Key words

1 Introduction

Coronaviruses (CoVs) have negatively impacted the health of pigs for multiple decades [1]. Currently, five swine CoVs have been identified: transmissible gastroenteritis virus (TGEV), porcine respiratory coronavirus (PRCV), porcine epidemic diarrhea virus (PEDV), hemagglutinating encephalomyelitis virus (HEV), and porcine deltacoronavirus (PDCoV) [2, 3]. Multiple studies have described methods to detect CoVs by PCR methods [47]. In addition, multiple manuscripts have described Sanger sequencing methodologies to investigate the genetic diversity and evolution of individual or partial CoV genes [79]. However, investigating partial genome of these CoVs underestimates the evolutionary history of these viruses [10].

In the pursuit to investigate recombinant regions within the CoV genome and to further enhance our understanding of CoV evolution, CoV genome sequencing has become very valuable. In addition, next-generation sequencing (NGS ) technology has facilitated the use of complete genomic sequencing with extreme high coverage and reduced the cost compared to Sanger sequencing. Many laboratories have purchased desktop NGS sequencers to expand their sequencing capabilities, due to the relatively low cost associated with the equipment. However, achieving viral genomes directly from samples can be difficult since the total RNA, including mRNA from host cells and bacteria, is also sequenced [1113]. Nevertheless, NGS technology is a very powerful tool in generating CoV genomes, which could lead to a better understanding of CoV evolution.

2 Materials

2.1 Sample Handling and RNA Extraction

  1. 1.

    Phosphate-buffered solution (PBS).

  2. 2.

    Stomacher® 400 Circulator (Laboratory Supply Network, USA).

  3. 3.

    1 mL Syringe without needle.

  4. 4.

    0.22 μm Syringe filters.

  5. 5.

    Turbo DNA (Thermo Fisher Scientific, USA).

  6. 6.

    RNase ONE™ Ribonuclease (Promega, USA).

  7. 7.

    MagMAX™-96 Viral RNA Isolation Kit (Thermo Fisher Scientific, USA). Store the buffers at room temperature, the RNA-binding beads at 4 °C, and carrier RNA and binding enhancer at −20 °C.

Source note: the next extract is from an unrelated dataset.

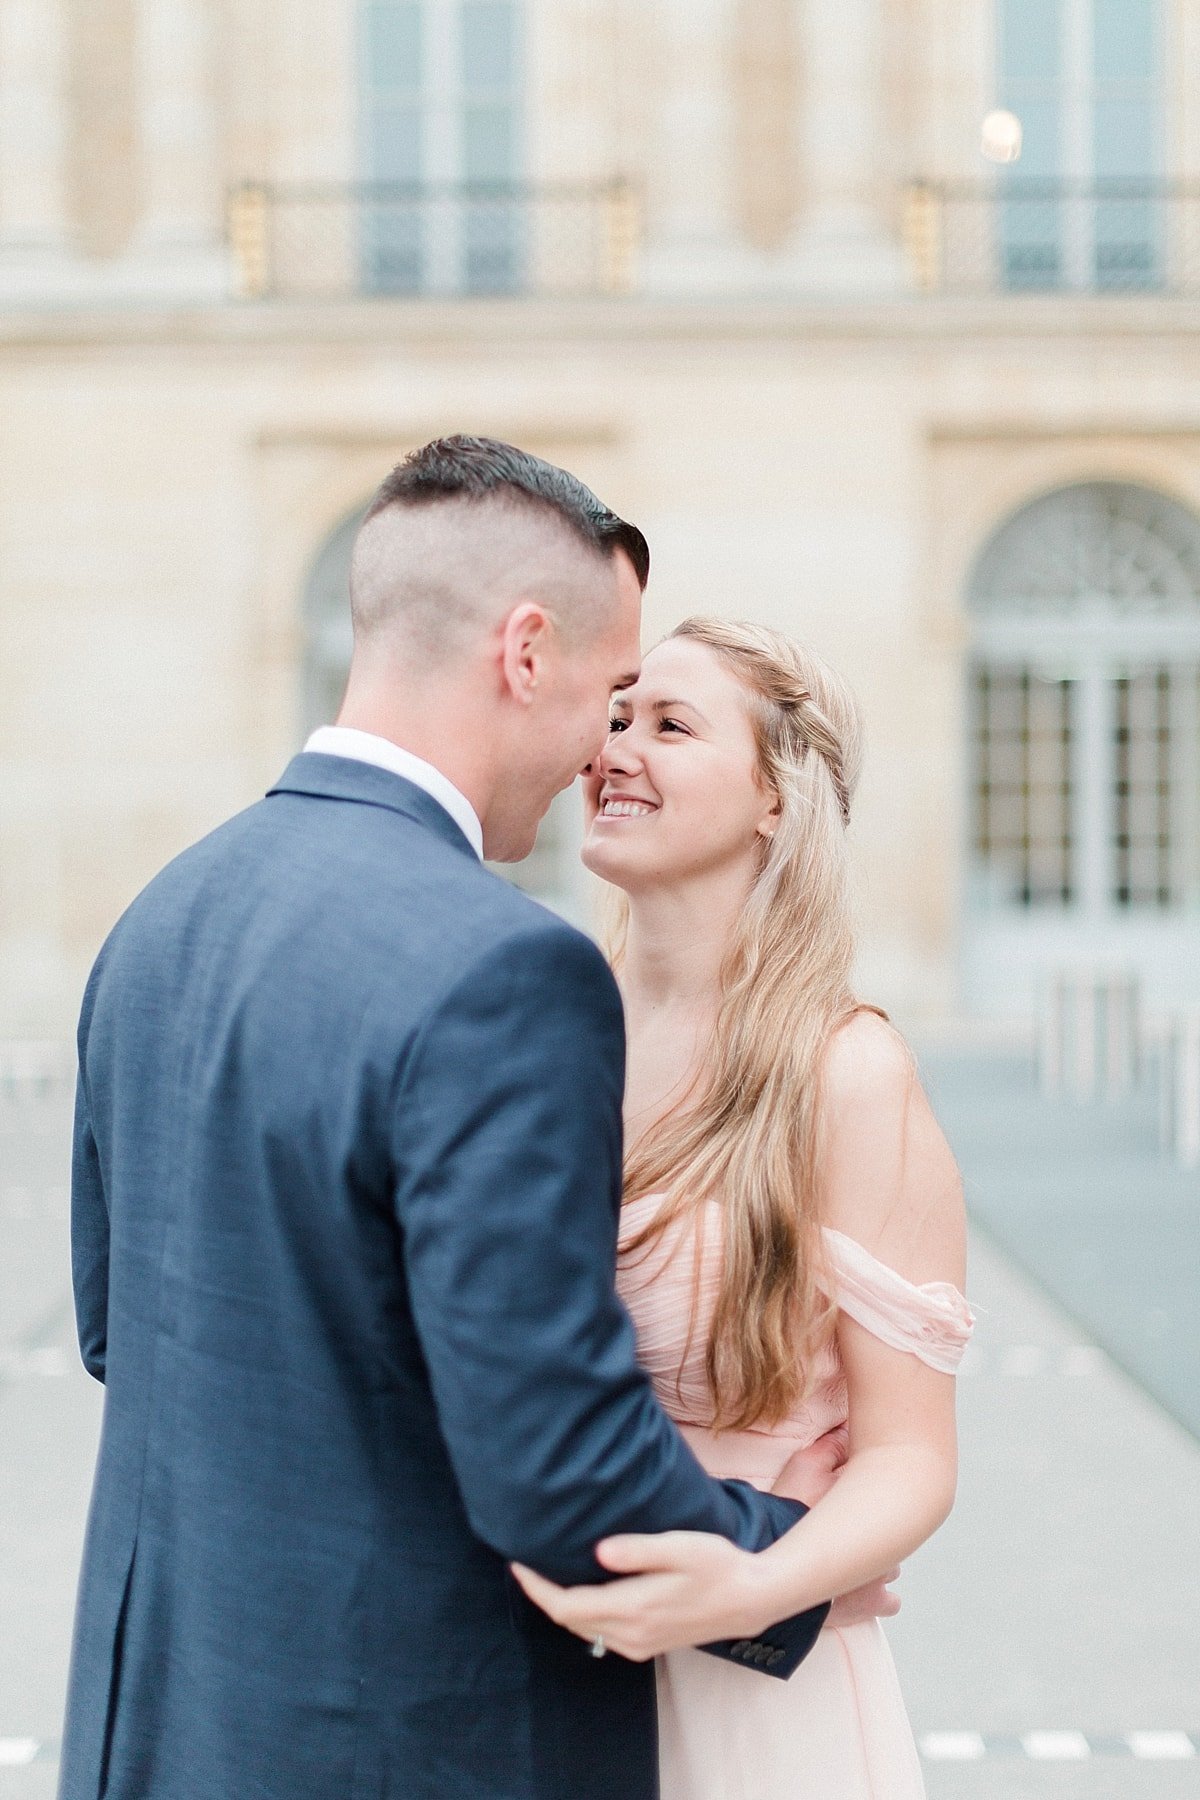 Paris, France anniversary session photographed at Palais Royal by France Destination Wedding Photographer, Alicia Yarrish Photography

2.2 Evaluation and Assessment of RNA Mass Using Ribogreen and Agilent Bioanalyzer

  1. 1.

    Quant-iT™ RiboGreen® RNA Assay Kit (Life Technologies, USA).

  2. 2.

    FLx800 Fluorescence Reader or similar UV-V reader (Bio-Tek, USA).

  3. 3.

    λ RNA Standard (Life Technologies, USA).

  4. 4.

    Black 96-well plate (Thermo Fisher Scientific, USA).

  5. 5.

    Agilent RNA 6000 Nano kit (Agilent, USA).

  6. 6.

    Molecular-grade water (Sigma-Aldrich, USA).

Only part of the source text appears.